我是否可以使用功能成语来组合这两个函数,而不是让byName负责编写结果函数?
const ascending = (a, b) => a.localeCompare(b);
const byName = (i) => i.get('name');
const useTogether = (...fns) => ...; // is there an idiomatic function like this?
// usage
items.sort(useTogether(byName(ascending)));
答案 0 :(得分:7)
为了正确地理解它们,让我们从检查最基本的分类程序
开始
const compare = (a, b) =>
a.localeCompare (b)
const data =
[ 'Cindy'
, 'Alice'
, 'Darius'
, 'Bertrand'
]
data.sort (compare)
console.log (data)
// Alice, Bertrand, Cindy, Darius
没什么特别的。

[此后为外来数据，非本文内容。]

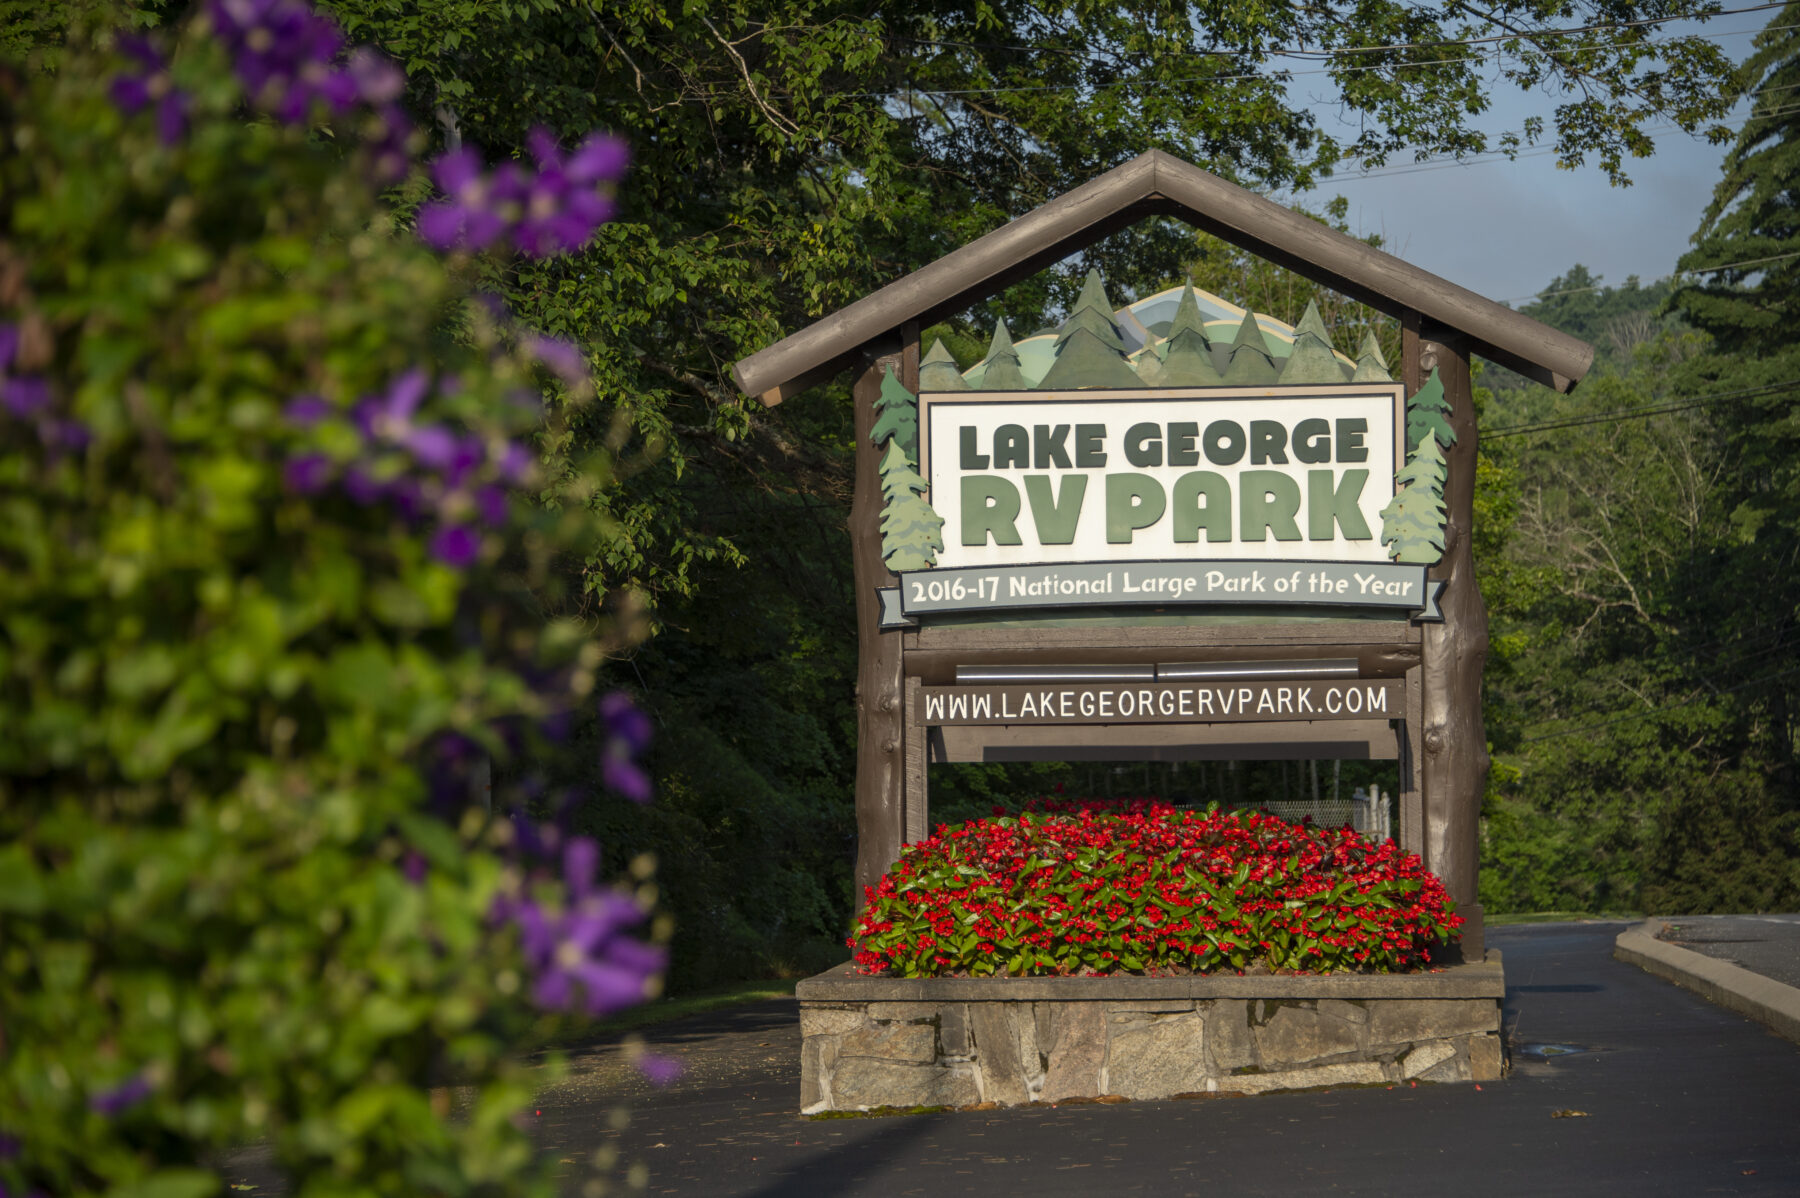 Lake George RV Park sign that can be seen out front

让我们制作我们的第一个逆变函子Comparison。这种类型会导致突变,但无论如何它只是用于演示。专注于contramap
const compare = (a, b) =>
a.localeCompare (b)
const Comparison = (f = compare) =>
({ contramap : g =>
Comparison ((a, b) => f (g (a), g (b)))
, sort : xs =>
xs.sort (f)
})
const data =
[ { name: 'Cindy' }
, { name: 'Alice' }
, { name: 'Darius' }
, { name: 'Bertrand' }
]
Comparison ()
.contramap (x => x.name)
.sort (data)
console.log (data)
// Alice, Bertrand, Cindy, Darius
组成法持有
m.contramap(f).contramap(g) == m.contramap(compose(f,g))
const compare = (a, b) =>
a.localeCompare (b)
const Comparison = (f = compare) =>
({ contramap : g =>
Comparison ((a, b) => f (g (a), g (b)))
, sort : xs =>
xs.sort (f)
})
const data =
[ { name: 'Cindy' }
, { name: 'Alice' }
, { name: 'Darius' }
, { name: 'Bertrand' }
]
const compose = (f, g) =>
x => f (g (x))
Comparison ()
.contramap (compose (x => x.substr (1), x => x.name))
// equivalent to
// .contramap (x => x.substr (1)) // sort starting with second letter
// .contramap (x => x.name) // get name property
.sort (data)
console.log (data)
// sorted by second letter this time (A, E, I, L)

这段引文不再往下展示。